DATASET SECTION START

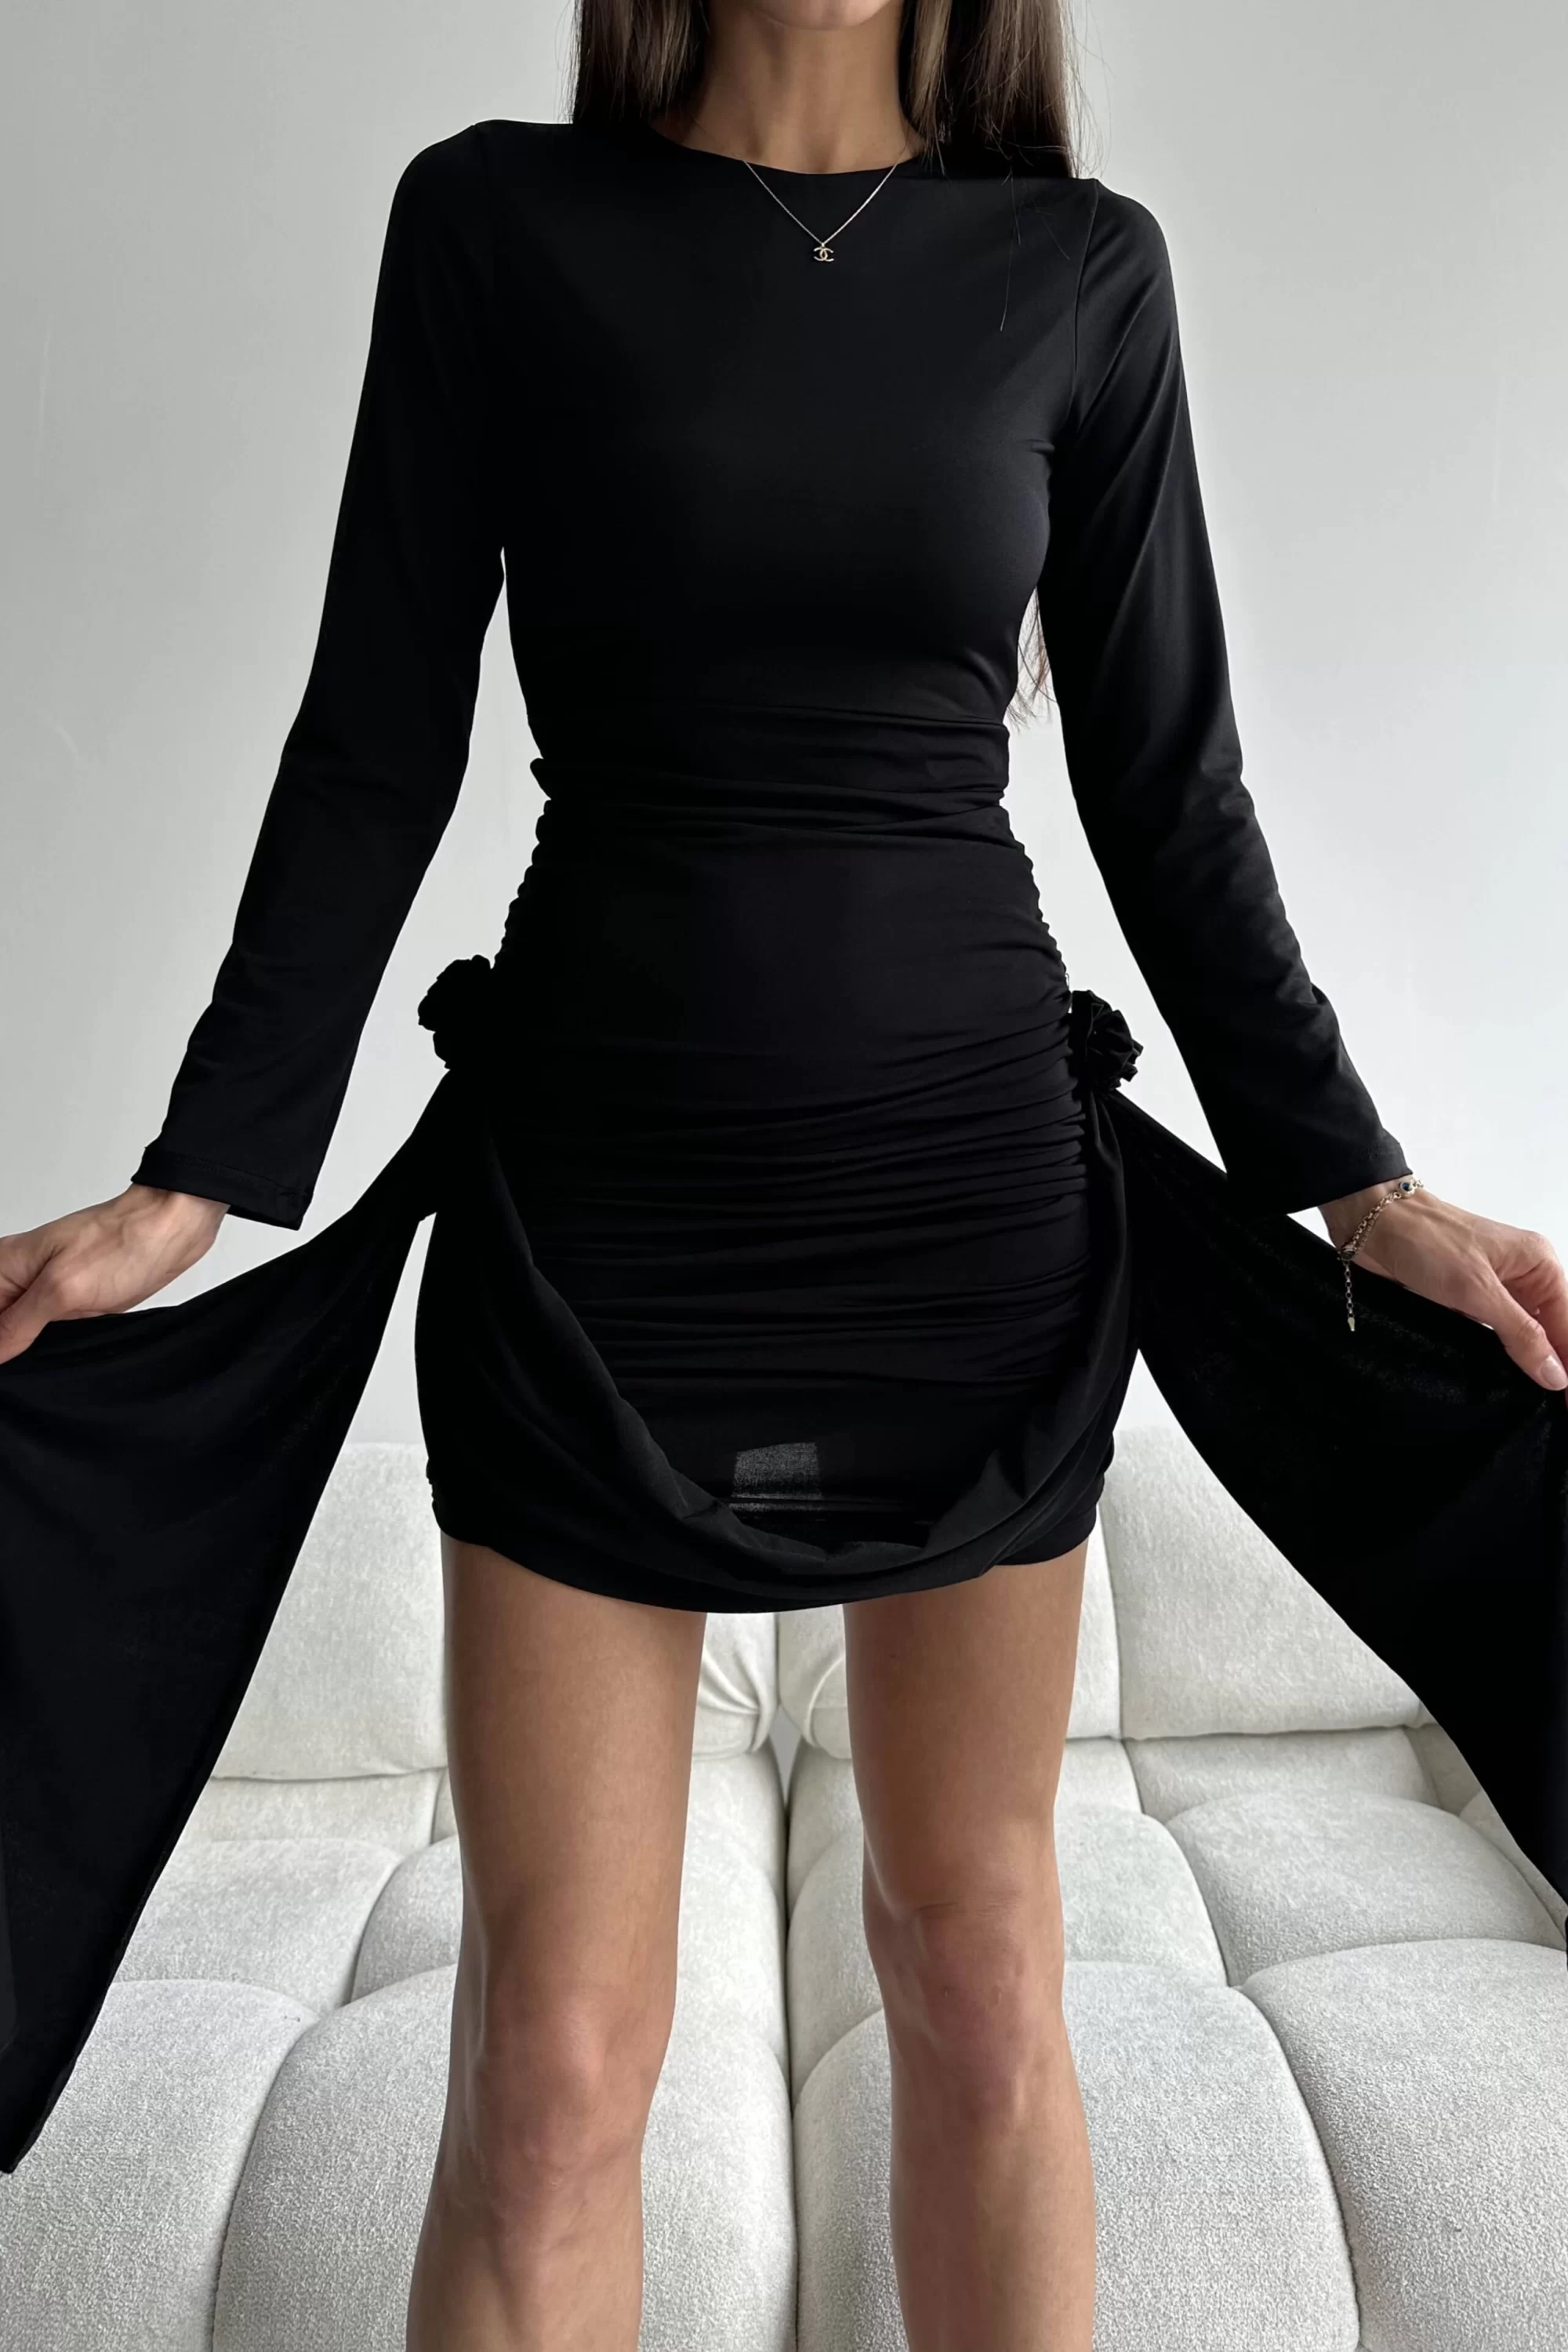 Kadın Siyah Gül Detay Büzgülü Elbise 0990-2867
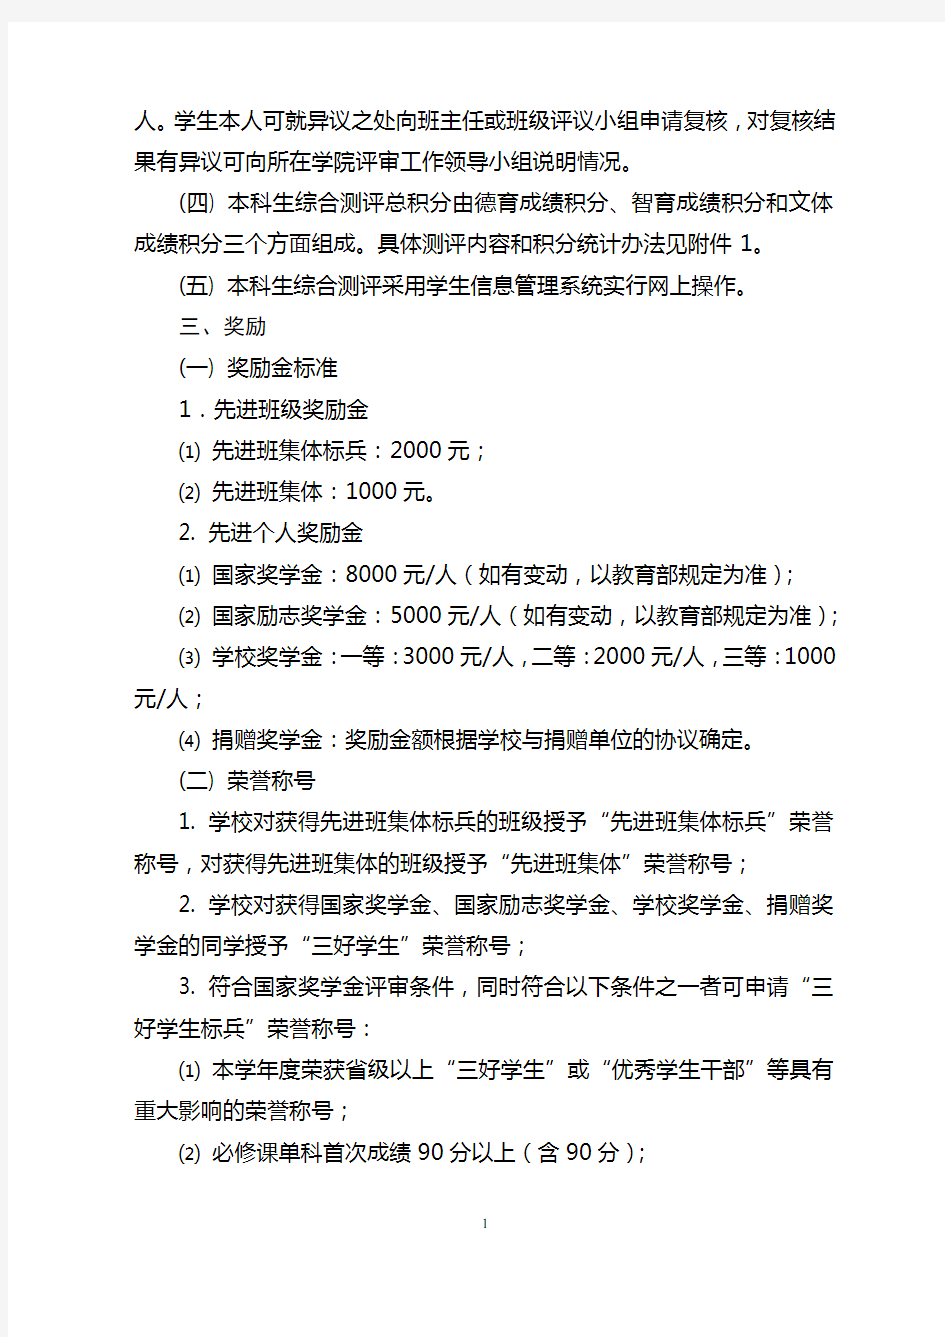 华南理工大学本科生综合测评及奖励办法(修订)
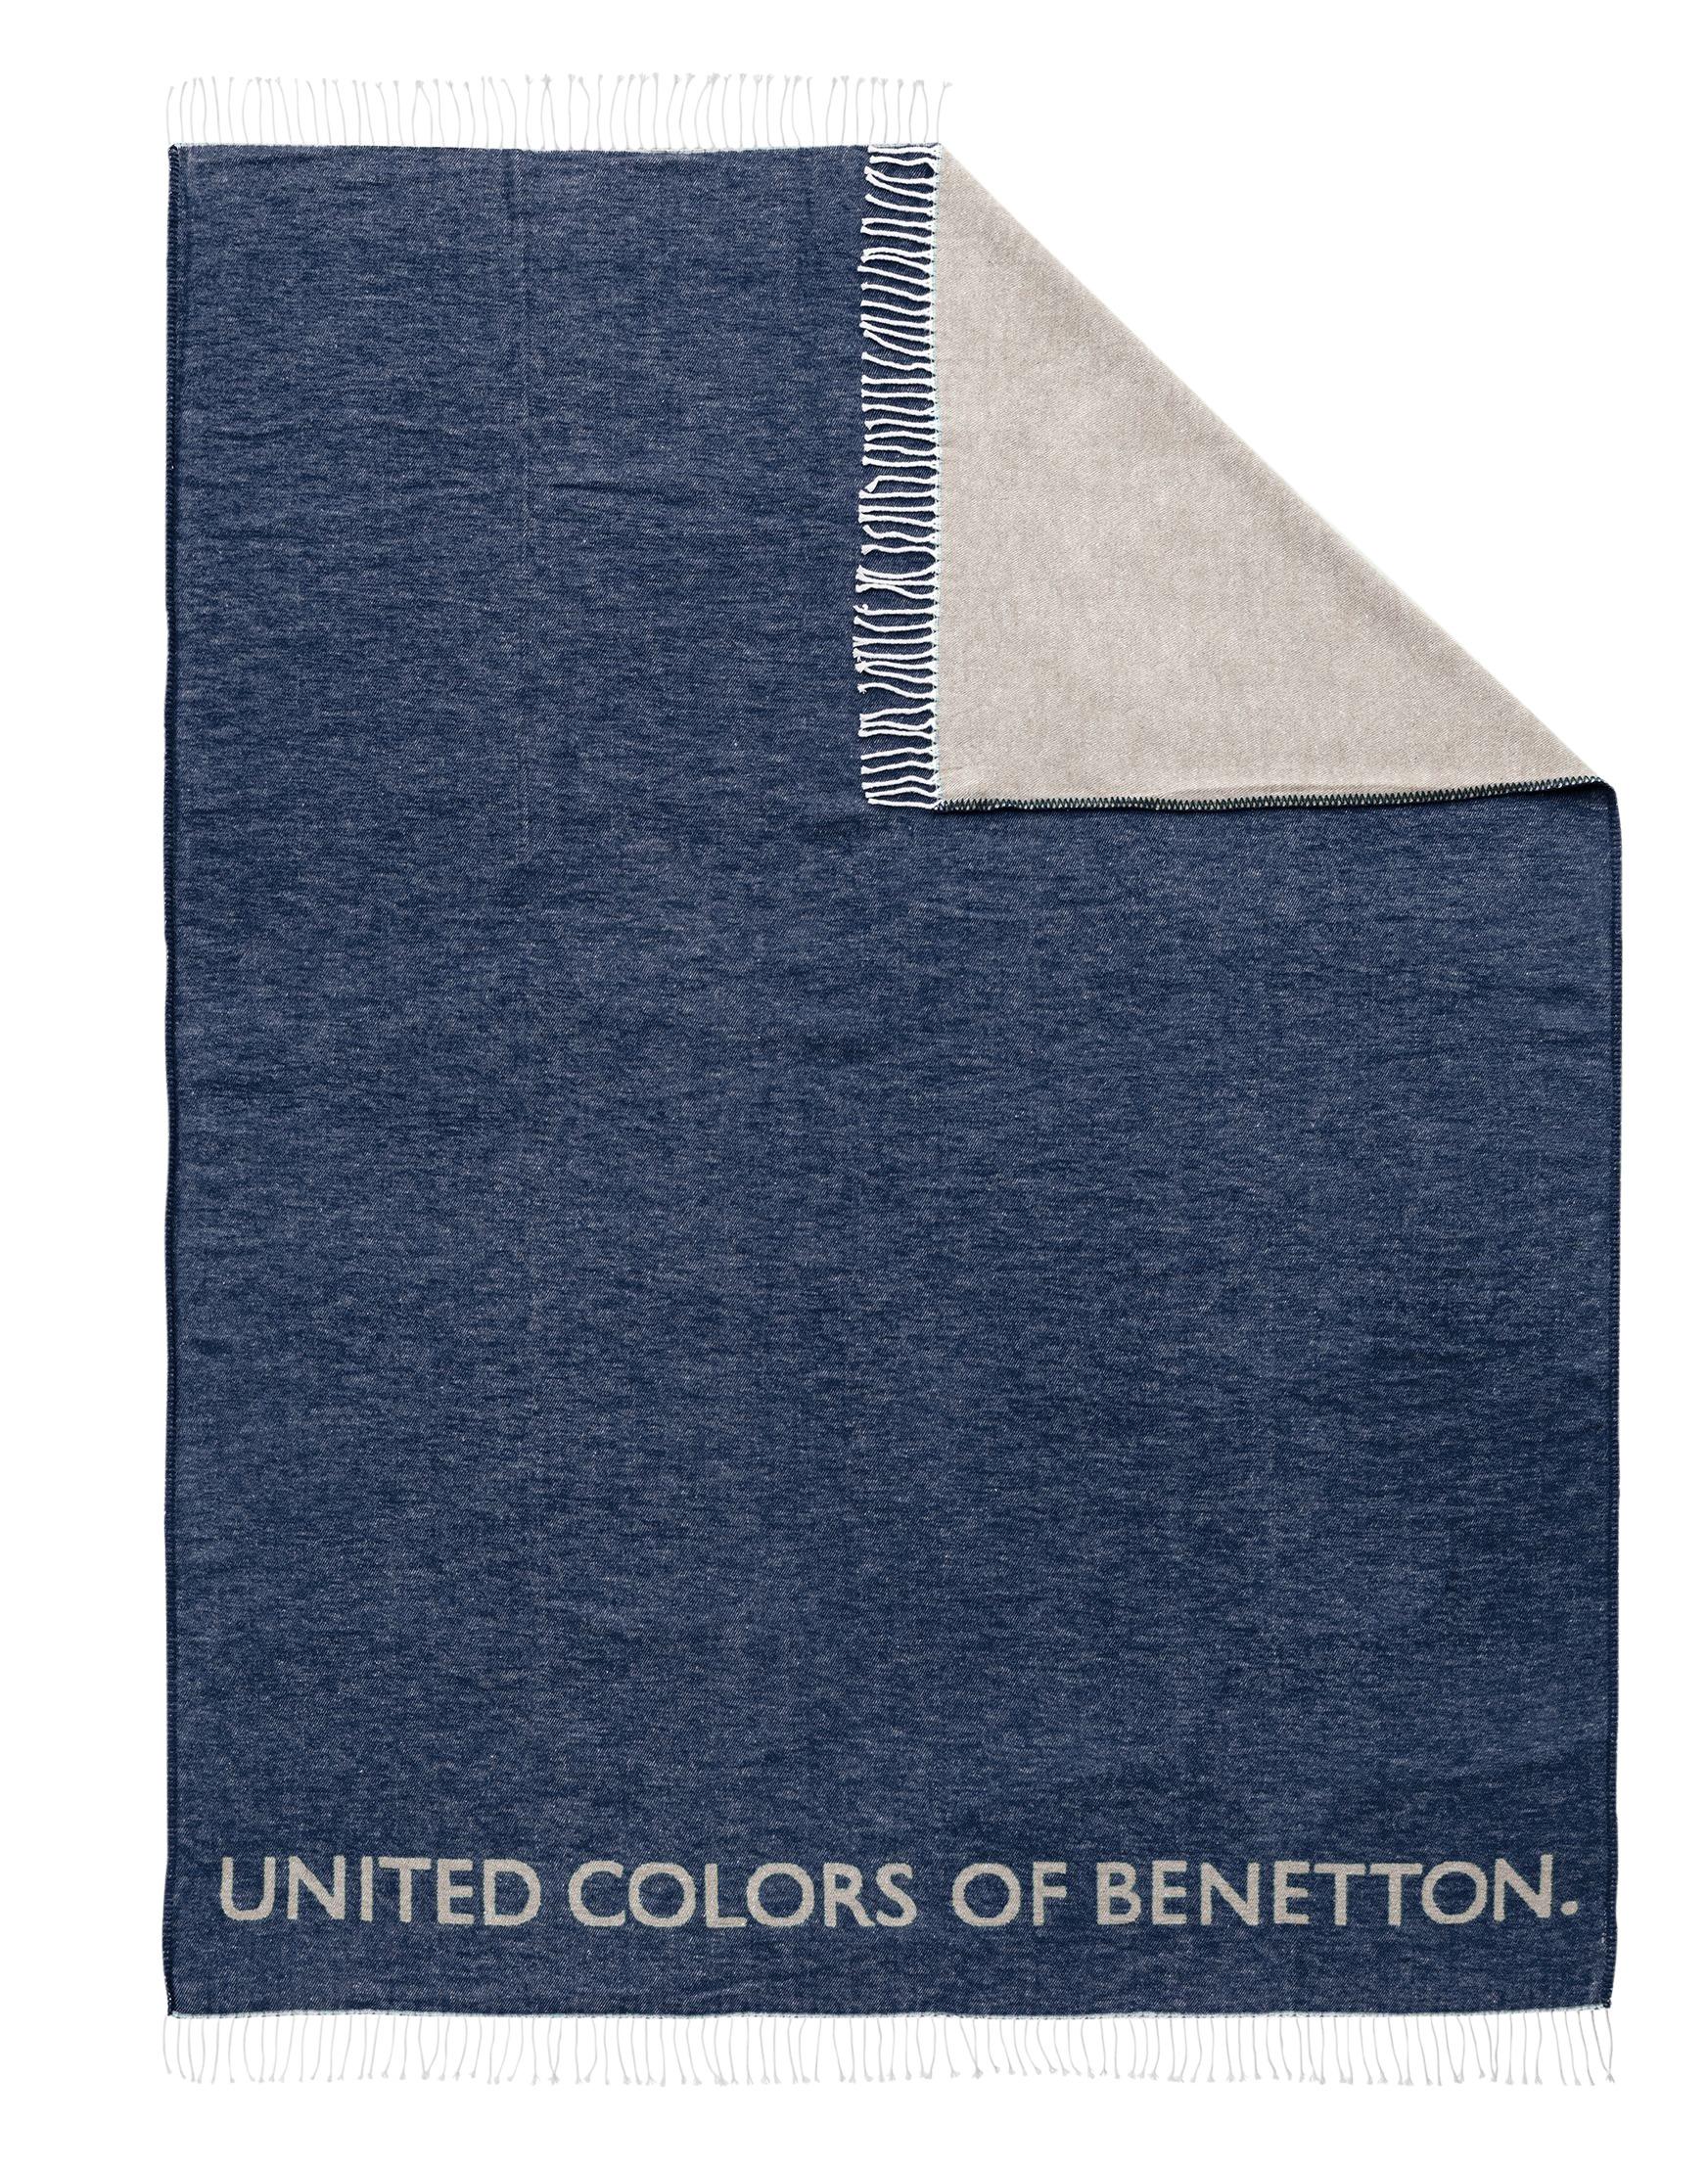 Decke in Blau/Grau online kaufen

DATASET SECTION END

▸ **DIRECTIONS**: Set down the data again, exactly, without images.

▸ **SOLVED EXERCISE**:
 Kadın Siyah Gül Detay Büzgülü Elbise 0990-2867
 华南理工大学本科生综合测评及奖励办法(修订)
 Decke in Blau/Grau online kaufen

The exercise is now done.